Marco Polo said they have “Roses as big as cabbages.” Why, of course, he was talking about peonies. These glamorous flowers will soon grace our gardens.

There are a few different varieties of peonies. I have the herbaceous or bush peonies in my garden, which I see most of in gardens. Others include the tree and intersectional peonies.
Peonies love the sun and need four to six hours each day to produce large flowers. Keep this in mind when choosing your planting location. Look for a spot with good drainage and one where the deep-rooted peony will not have to compete with large tree root systems.
Also, peonies do not like to be disturbed and can live for 100 years, so give careful consideration to where you want to plant. I suggest a location that offers you a view of the bush in bloom. You don’t want to miss these flowers.

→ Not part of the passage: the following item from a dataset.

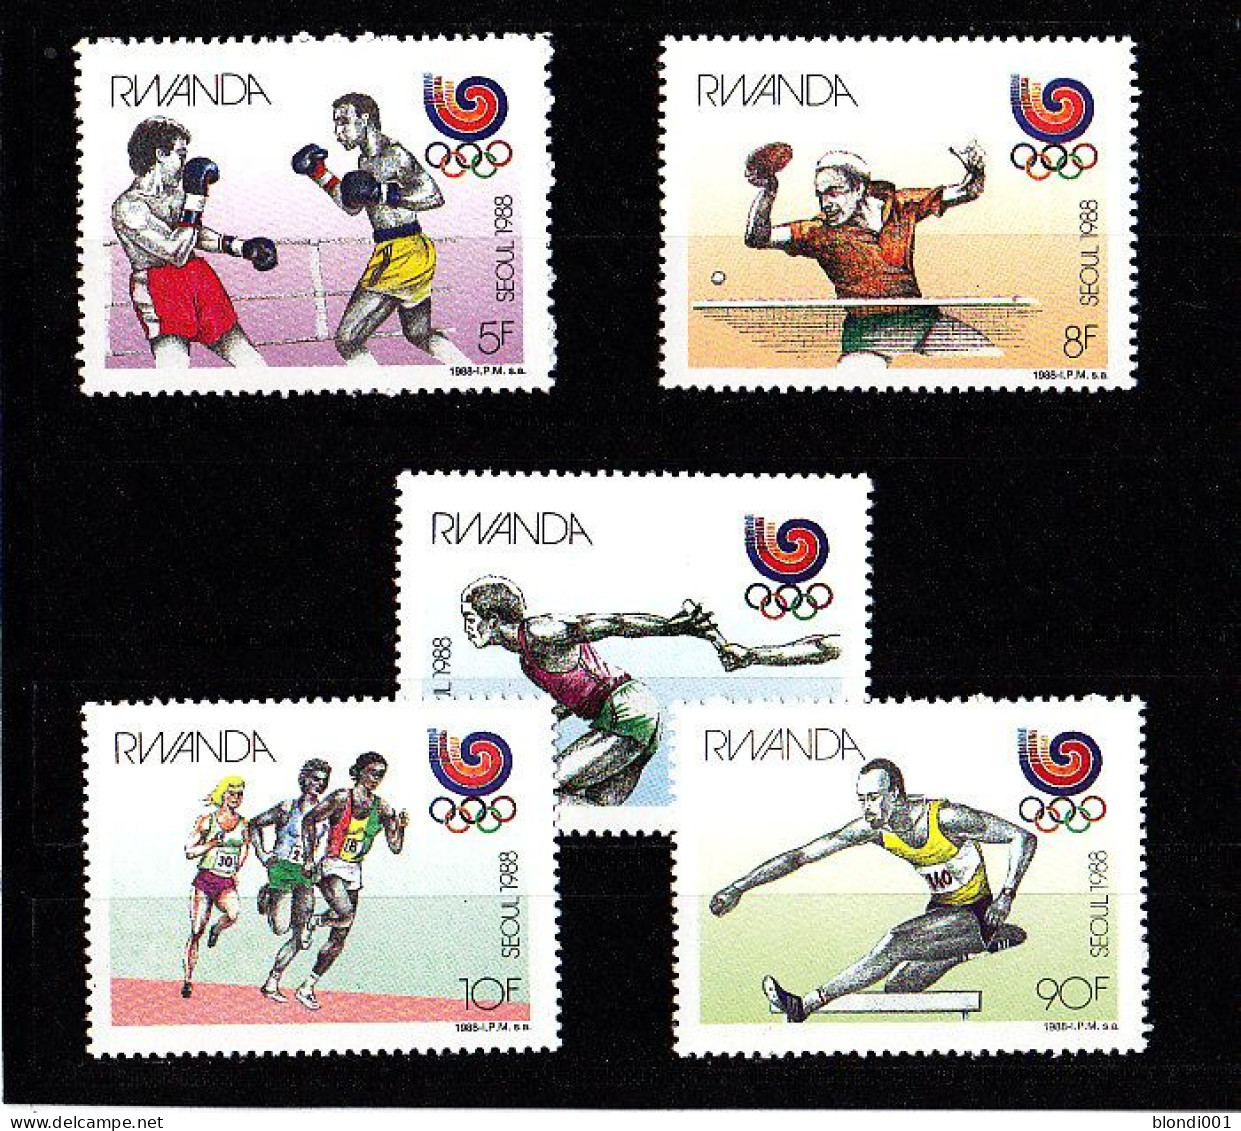 Olympics 1988 - Table Tennis - RWANDA - Set MNH - Ete 1988: Séoul

The bushes will grow about 3 feet tall and wide. By not crowding them and giving them room to breathe, the air circulation will help keep them disease resistant. Oh, speaking of resistant, the deer will walk right by and not munch on your peonies.

Although they bloom in the spring, mine around Memorial Day, and can be planted in the spring, they do better when planted in the fall. That said, I see them in the nurseries now, not later in the year.

Spending the time to get planting right will be worth the work. Dig your hole and add organic matter to the soil. Peonies don’t like wet feet, so you want the soil to drain easily. The top of the plant — or, if bare roots, the eyes (like little sprouts on a potato) — should be 1 inch below ground.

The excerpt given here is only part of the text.